Food, tents, and sleeping bags are regularly provided, but the office mostly works to create paths to benefits for veterans. Financial, housing, Veterans Administration benefits and other programs are available within the state.
“The limitation we face primarily is that the VA is not in our neighborhood,” he said. He said travel can be prohibitive for some veterans, unless they use a local program through local agencies.
“We do everything we can to provide them that support within our community,” he said.
Heather Snow, Department of Health and Human Services director, explained her county department is integrated agency made up of Behavioral Health, Public Health, Social Services, and Public Assistance, and conducts a yearly census of homeless persons in the county.
“Each year we conduct what is called the Point-in-Time Survey, where we gather information regarding the local homeless population. Recent year’s counts have been carried out with the assistance of many of our community partners,” she said. “On average, we collect around 175 surveys from homeless individuals each year. Approximately 88 of those individuals are considered chronically homeless.”
Explaining her department provided housing assistance with rent, deposits, and emergency housing for about 500 homeless or at-risk people last year, Snow broke down the numbers.
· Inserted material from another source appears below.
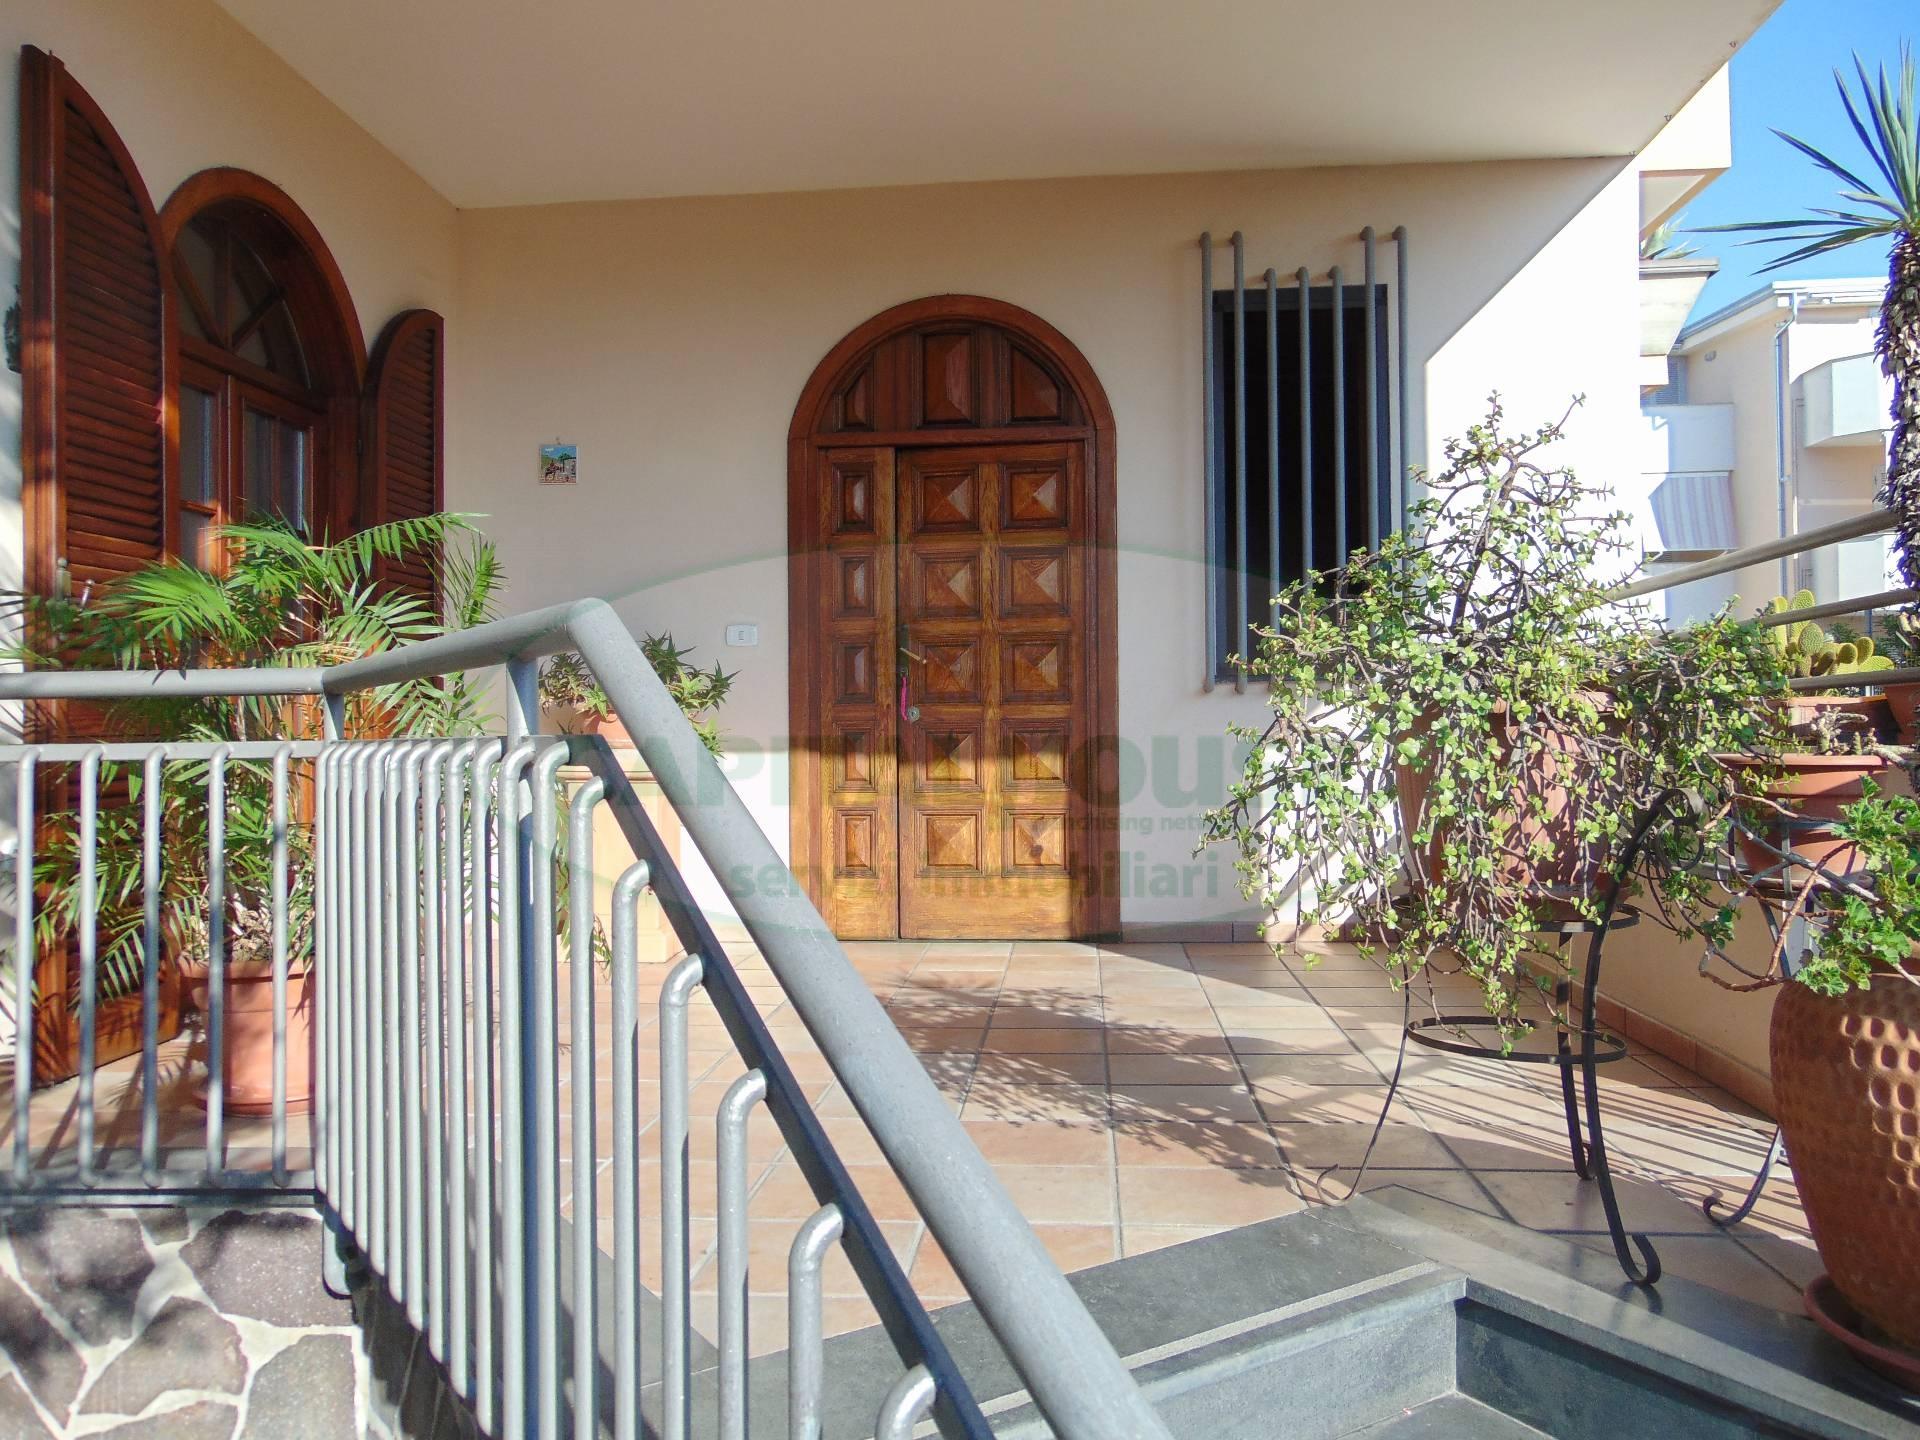 Villa in vendita a San Prisco, 12 locali, zona Località: ZonaPiscina, Trattative riservate | CambioCasa.it

“Of the 500 served, approximately 300 were behavioral health clients who were engaged in treatment with us, and the remaining 200 received their housing aid through one of our public assistance programs,” she said.
“In some cases, housing needs were identified by public health or social services staff who were working with pregnant women, new mothers of an infant, homeless youth, families with an open child welfare case, or families with a child who has special needs.”
Snow also noted that DHHS has worked with the board of Realtors, which provided funding to help at least 15 people and has had success through collaboration with the Crescent City Housing Authority to provide housing vouchers.
“We need to be working together,” said Crescent City Mayor Blake Inscore, as he explained while recently paused city ordinances affect some homeless persons, they were created to address public space issues. He said while government services may help change the path of people’s lives, it cannot be done by government alone.
“If this community does not come together, to provide a workforce to get this done, we will not,” Inscore said. “We need to find ways to work together so that we can reach out and provide services to the most needy in our community and the city is committed to making sure we do our part.”
One person attending said he has been working with homeless patients for over 40 years, and urged the community to continue its efforts, saying chronically homeless people do get better with resources and they typically don’t return to the emergency room once in a permanent home.
McGuire said the collaborative is working with the Del Norte County Sheriff’s Office to collect data as to the cost of law enforcement services used to answer calls from homeless persons.
Resident Chuck Orton said he doesn’t know what to do anymore, since his building in Crescent City has been broken into and used by homeless persons several times.
Anna Lea said she is disappointed not to see any tribal representation at the meetings and hopes they are invited in the future. Cowan responded saying the tribes were invited in advance.
Sandra Morrison said Oxford House has been housing 30 people in transitional housing for 17 years, adding the road to homeless recovery starts with basic essentials.
“Sometimes the first step is a pair of shoes,” she said, noting that it’s great to have resources and community involvement when it comes to solving or reducing homelessness.
Library board members Lupe Gutierrez and Sierra Schneck noted the library is regularly used by local homeless persons and could be a central location for offering services and resources.